Set in a dystopian world of the not-far-off future where the world’s resources are running out and the metro system connects all of Europe, “Metropia” concerns a newly paranoid Swedish everyman Roger (voiced by Vincent Gallo) as he begins to hear a voice in his head that isn’t his own. In fact, it’s Stefan’s (enter Skarsgård), a company man who begins to have second thoughts about his government gig monitoring citizens and their inner thoughts. While on the set of “True Blood,” now shooting its third season, Skarsgård called me to talk Glögg parties, filthy cartoons, and his real-life stint as an anti-terrorist marine.
This may be a general worldview question, but if things continue as they are, could you see the world becoming as dystopian as it is in “Metropia”?
[laughs] Hopefully not.

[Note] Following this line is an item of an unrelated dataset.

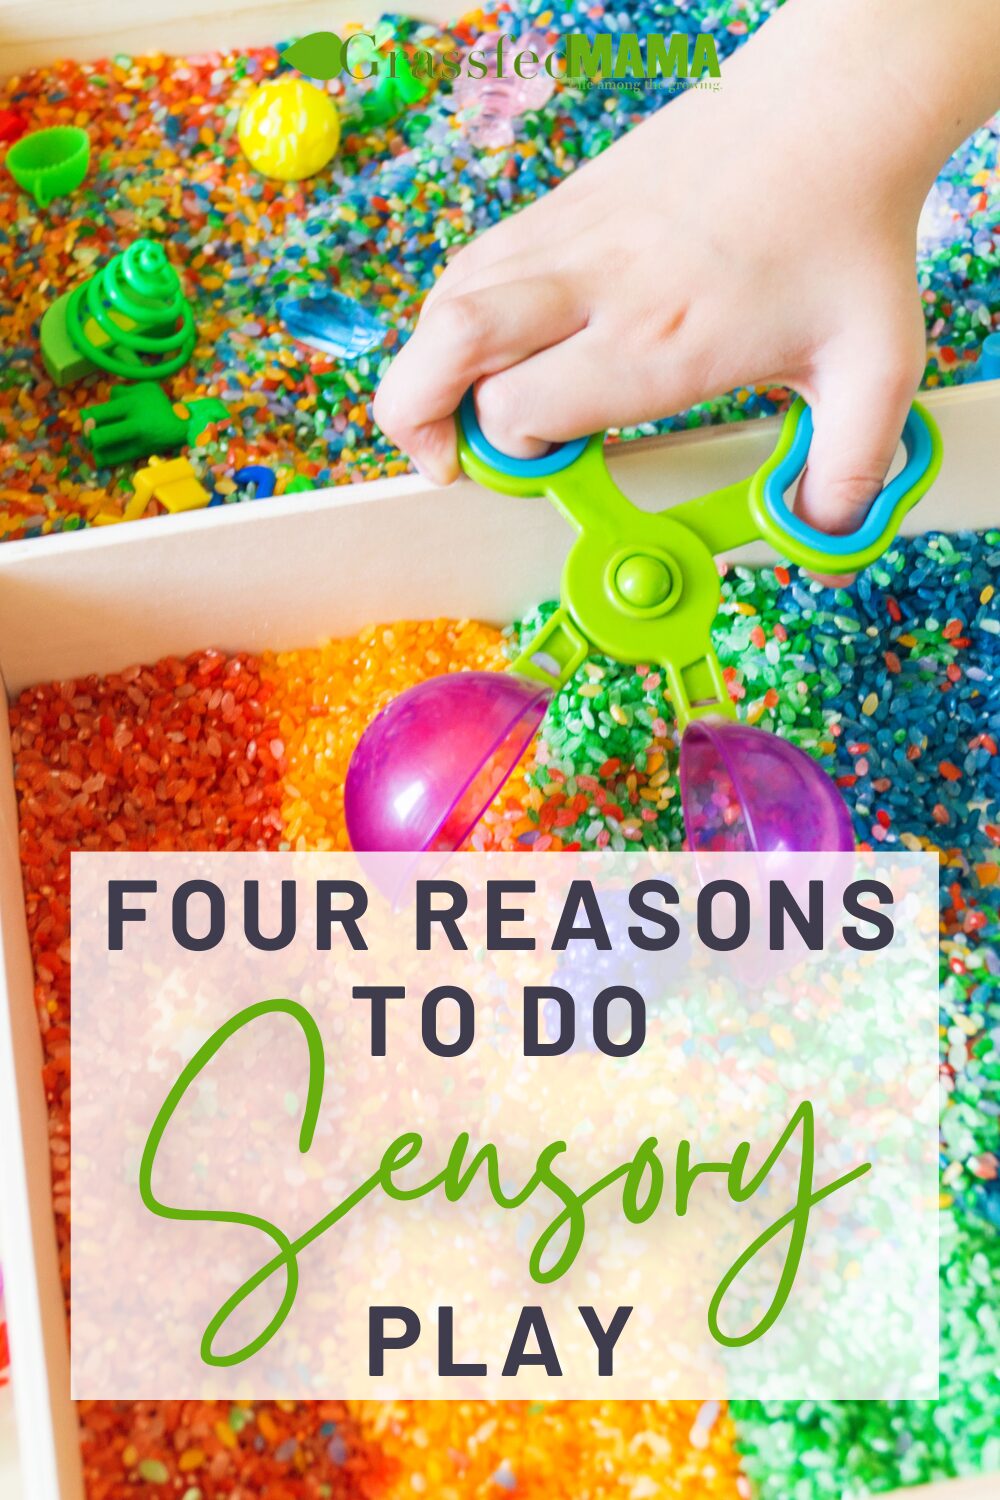 Four Reasons to do Sensory Play

But we’re headed in a direction where big corporations take over more and more. People in Western Europe and especially in the States have some distrust, a feeling that the government doesn’t really represent the people, that they’re almost like an enemy now. In a weird way, people almost trust Coca-Cola more than their own government. This new law that the Supreme Court passed where there’s no cap on how much big corporations can pump into election campaigns, it definitely means that corporations will have so much more impact.
It was already slanted through the leverage that they had versus the average guy. It’s harder for individuals to make their voices heard now. So I’m not going to take us down the road to “Metropia,” but what I was fascinated and intrigued by when I read the script was that it wasn’t science fiction! [laughs] I could draw parallels to our society today — a city like London, where they have something like 50,000 CCTV cameras, so you’re always being watched. With blogs and Twitter and Facebook, people always keep track of each other in a quite disturbing way.
Your character is quite the company man, even though he does show some heart. Could you relate to his role in life, or do you have more anti-authoritarian inclinations?
I’m slightly more anti-authoritarian than Stefan, but I definitely understand him. I played the guy, so I have to understand him, make him believable, and back him up. He is a little guy caught in this spider web, you know? He’s just trying to do his job, like a lot of people working for huge corporations who are trying to survive and feed their families. In Stefan’s case, he doesn’t really reflect on the moral issue of what it is he’s doing or where society has gone.
All animated films are different and this has such an idiosyncratic style. What was the voice work process like, from coming up with your vocal characterization to the technical process?
I’ve done animated movies before, but the thing that was amazing about this was we recorded it two years before Tarik started to animate, and then he spent two years finishing the movie. I’ve never had that luxury before. The stuff that I’ve done was already animated. You come in, watch it on a big screen and try to lip sync. You’re more confined in terms of hitting certain beats or timing. This was just me and Tarik in the room, so we could play around. If something wasn’t working, I could ad-lib, adding or dropping a line if I wasn’t happy with it. It was a great experience.
You’ve been friendly with Tarik for a while. How were you introduced?
I met Tarik in Los Angeles five years ago through some mutual Swedish friends. We celebrated Christmas together here in L.A, and I got kind of an instant man crush on him. He’s such a brilliant and interesting man. He was out here for two weeks, I believe, and we just had amazing conversations and talked about everything and nothing. We spent hours and hours discussing his idea for “Metropia.”
Then I went to Africa to shoot “Generation Kill,” this miniseries I did, and it was when I was out in Africa when he called: “We’re recording now, is there any chance we can get you in the studio?” I was down there for seven months, but I had a weekend off, so I flew to Stockholm, went into the studio, spent a day and a half with Tarik, then flew all the way back down to Namibia.